Instructions for the task
For the entries below, print exactly the lines between the line holding "Vue vers le" and the line holding "Le vétéran de", inclusive, and nothing else.

Supplied entries
------------------------------------

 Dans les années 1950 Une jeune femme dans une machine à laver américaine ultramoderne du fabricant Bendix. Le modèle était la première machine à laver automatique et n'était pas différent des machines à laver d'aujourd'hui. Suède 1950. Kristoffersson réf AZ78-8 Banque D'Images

------------------------------------

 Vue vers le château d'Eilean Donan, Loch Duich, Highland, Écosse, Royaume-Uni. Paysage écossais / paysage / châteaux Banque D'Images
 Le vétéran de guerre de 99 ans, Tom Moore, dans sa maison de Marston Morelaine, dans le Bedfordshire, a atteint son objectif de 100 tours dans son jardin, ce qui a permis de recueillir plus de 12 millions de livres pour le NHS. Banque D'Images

------------------------------------

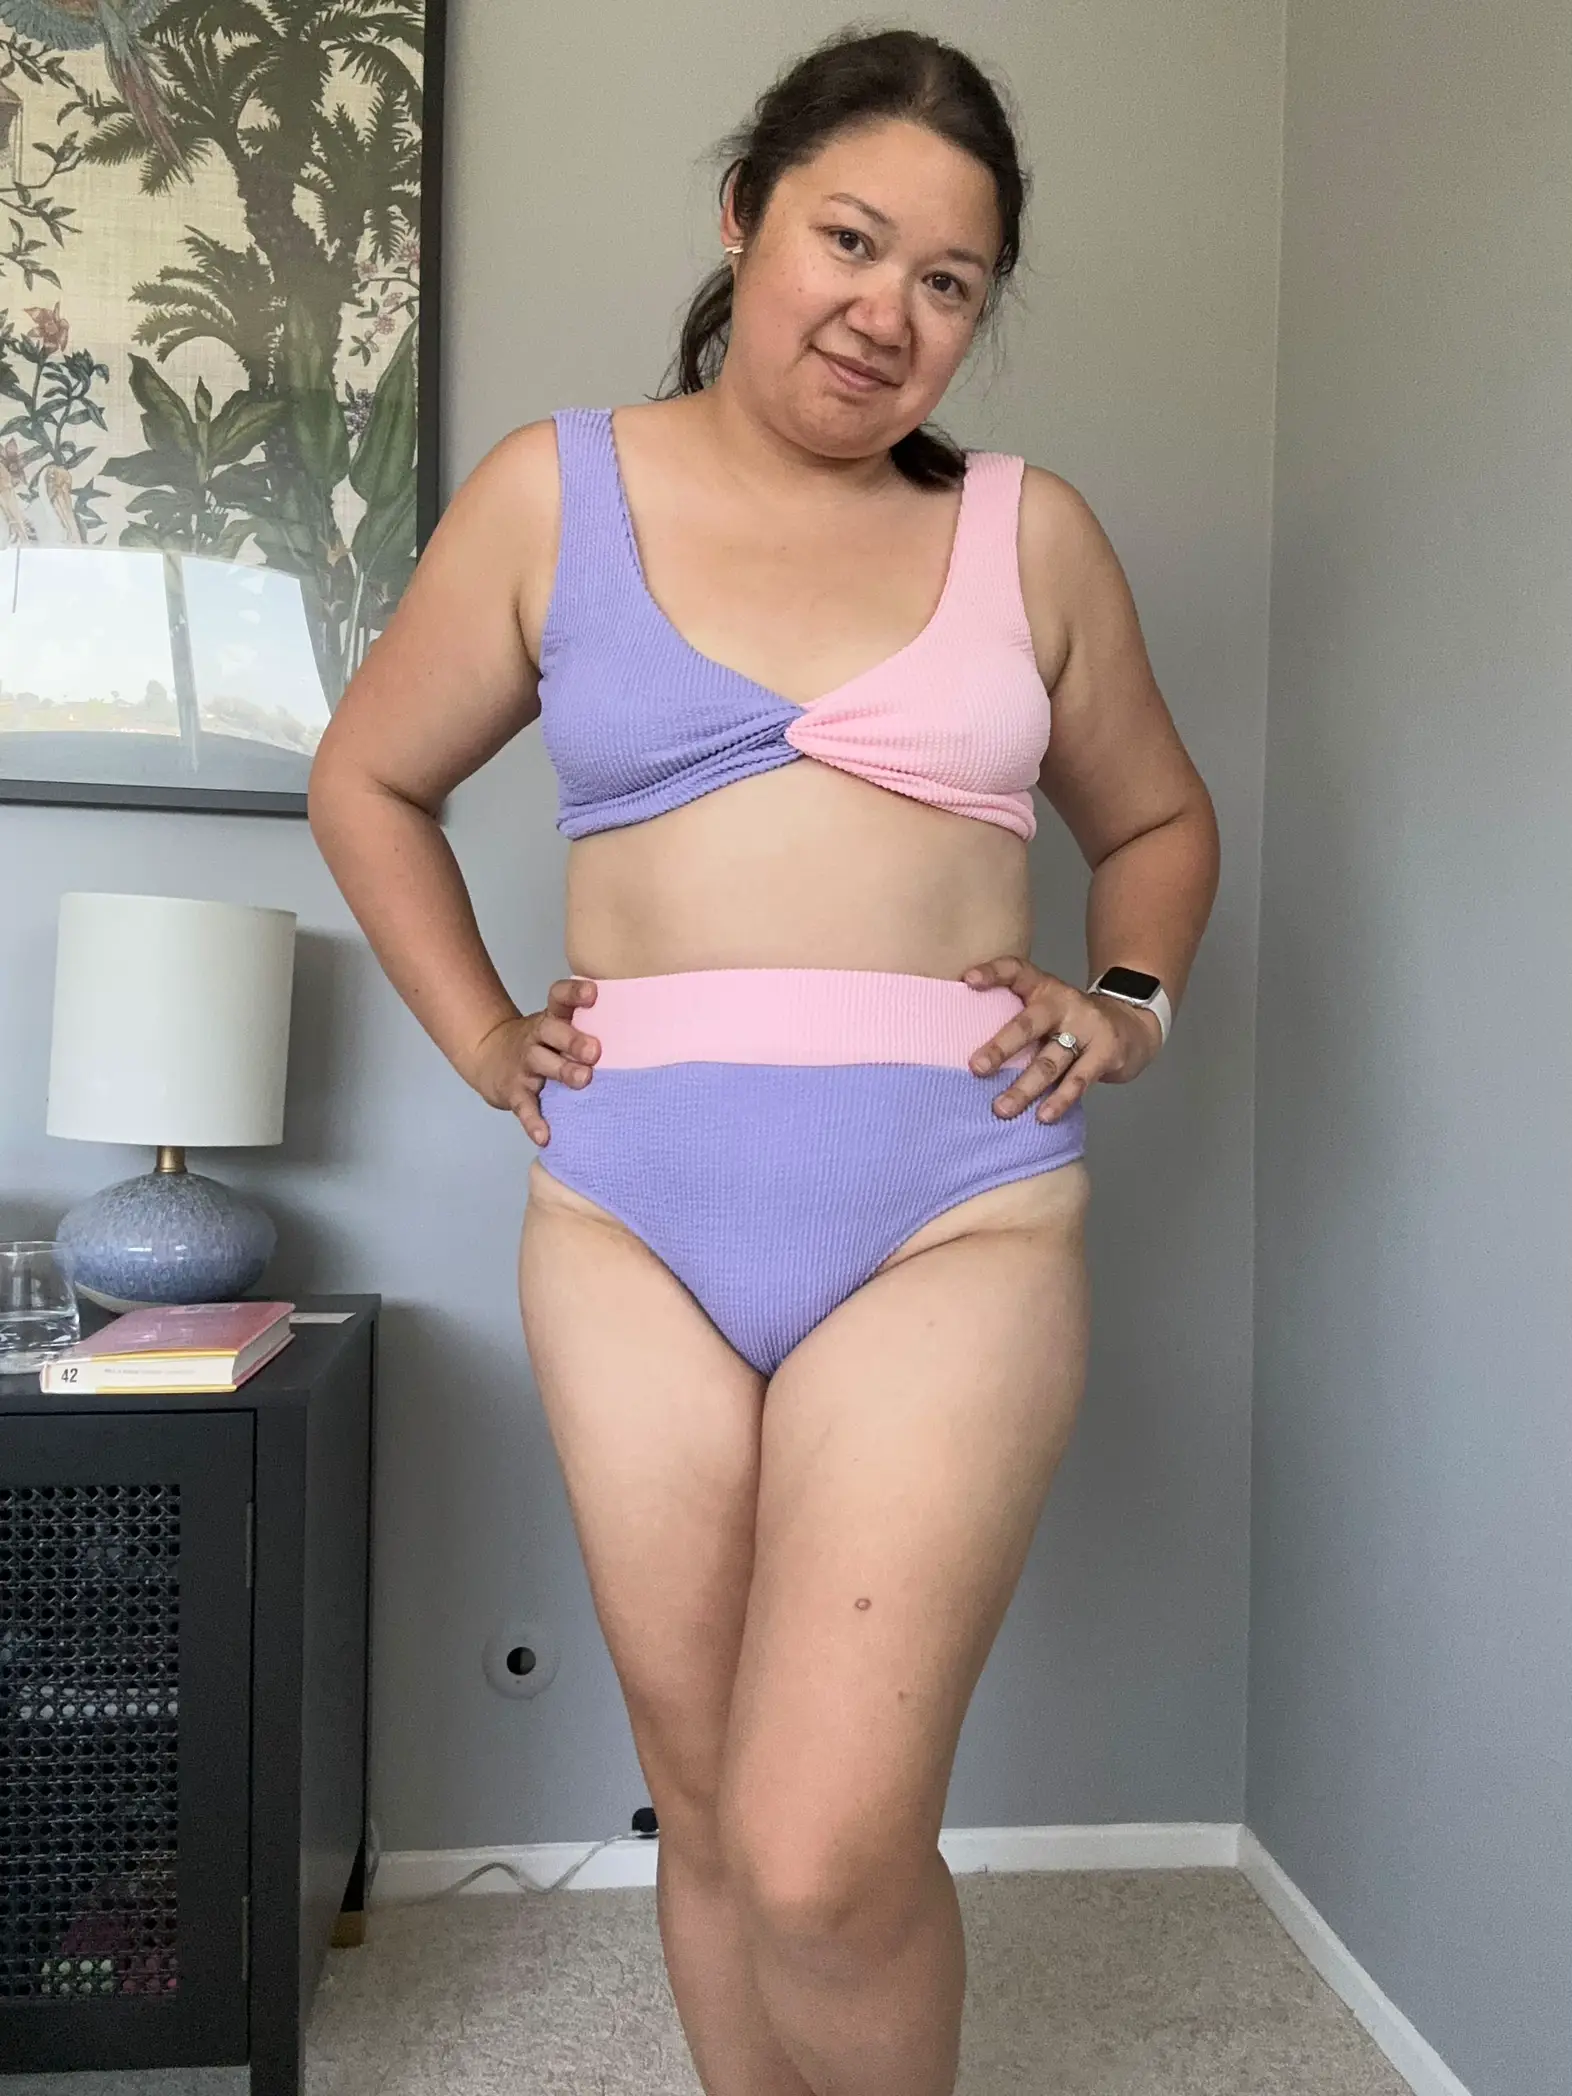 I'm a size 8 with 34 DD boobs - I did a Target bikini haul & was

------------------------------------

Response to the exercise
 Vue vers le château d'Eilean Donan, Loch Duich, Highland, Écosse, Royaume-Uni. Paysage écossais / paysage / châteaux Banque D'Images
 Le vétéran de guerre de 99 ans, Tom Moore, dans sa maison de Marston Morelaine, dans le Bedfordshire, a atteint son objectif de 100 tours dans son jardin, ce qui a permis de recueillir plus de 12 millions de livres pour le NHS. Banque D'Images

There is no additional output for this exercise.